I've never been in this much debt. I've never had my bank account continue to go negative. I've never had such terrible luck with jobs. I've taken jobs, and sat idly by while they do their background checks (mine is spotless), drug tests (again spotless), and then hear nothing. Only to keep starting the process over.

I turn 26 saturday. It feels so goddamn uneventful other than to make me, a grown man, want to break down in tears at what a shamble my life has become.

It can't get worse, I can't get lower. I've said that time and time again. Yet somehow, IT DOES GET WORSE. I DO GET LOWER.

Its all bottled up so tightly inside. Dad with cancer, wife who I'm not giving the life she deserves, me just failing at life completely.

I mean, i'm an optimistic person.

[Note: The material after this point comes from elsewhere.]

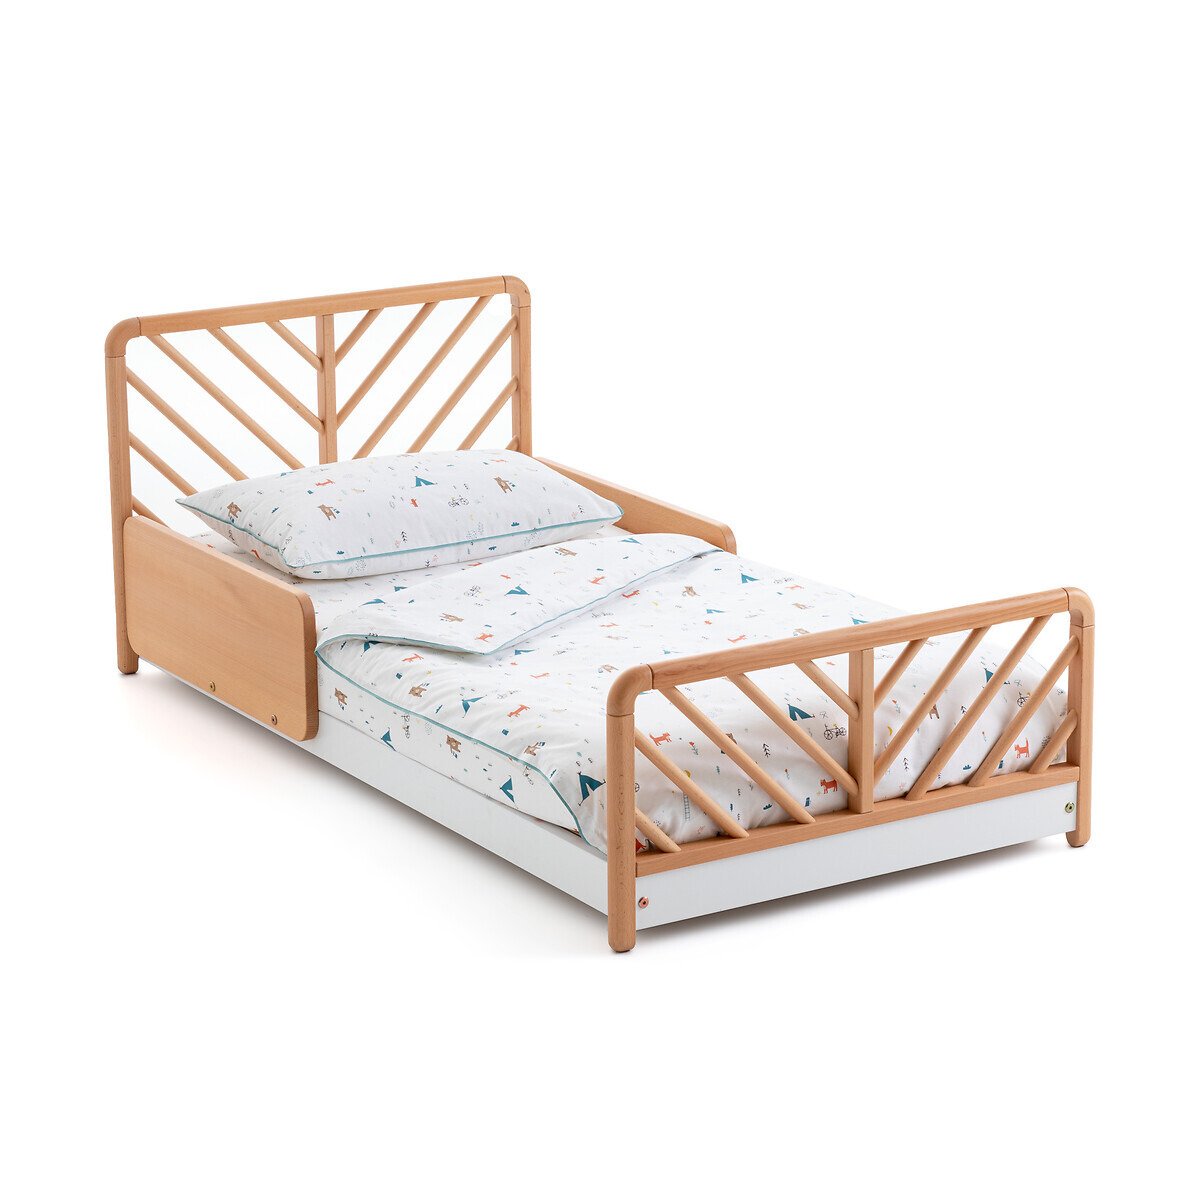 Montessori Bed - image 1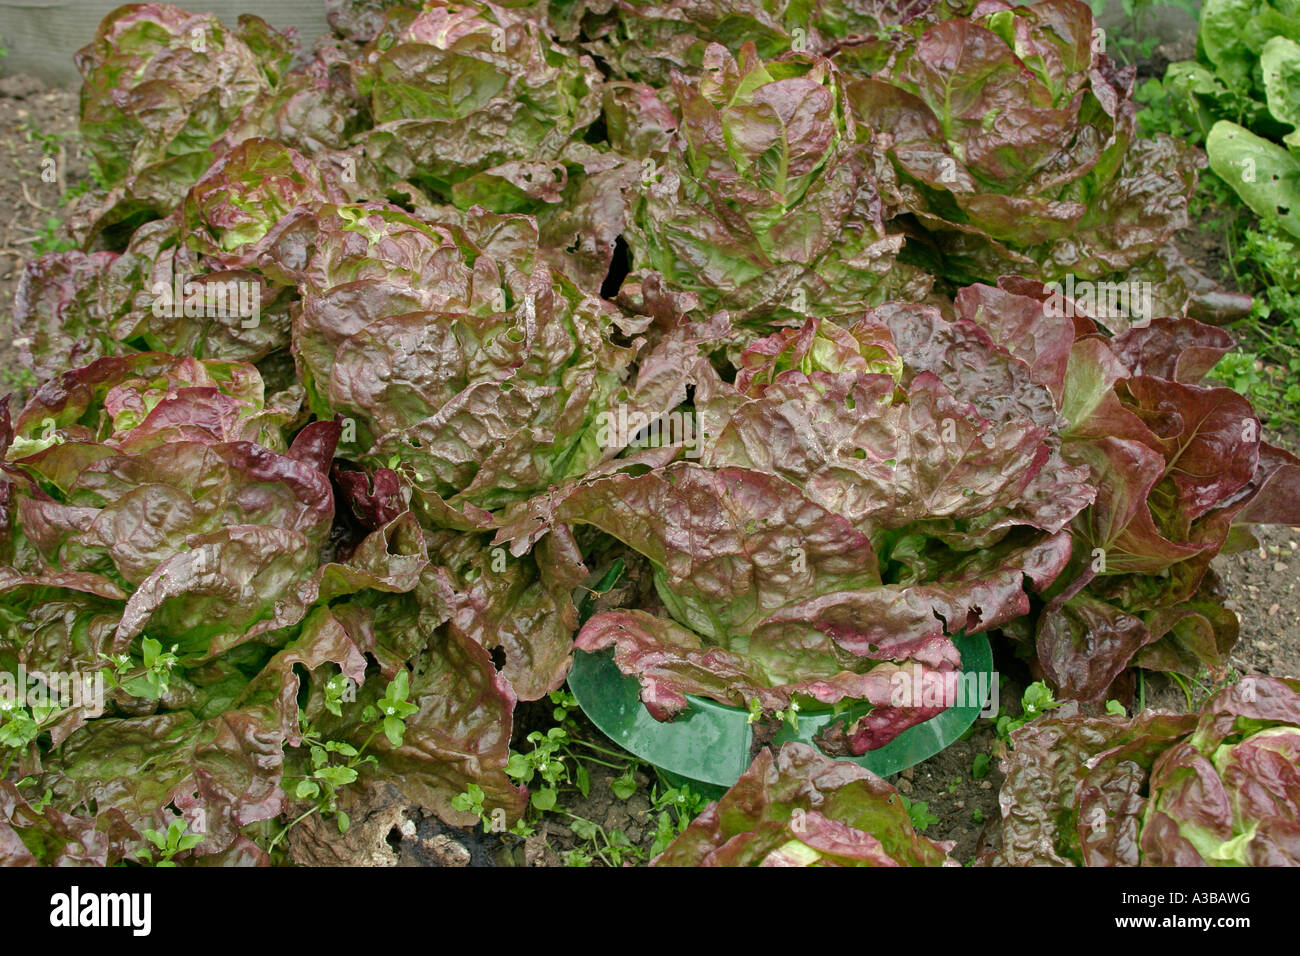 Slug protection bottle cloche barrier showing mature crop of lettuce Stock Photo

I am. I got through the worst year of my life last year with health battles that I WON. But this year came along and has now sucked just as bad.

I can take anything life throws at me. I thought I could. But I'm breaking down in my car at night. Going out where people are just to see if anyone will strike up a conversation because i'm too introverted and sad to try to strike one up myself. But it doesn't happen.

I'm a lost cause perhaps.

Perhaps I just needed to write this down.

Perhaps if I could just disappear for a while....

Perhaps.
VIEW 5 of 5 COMMENTS
jillkristen:
happy birthday!!!!!!!

Apr 14, 2006
jillkristen:
awww thanx.. as soon as it warms up and dries up we'll have to go to the dog park!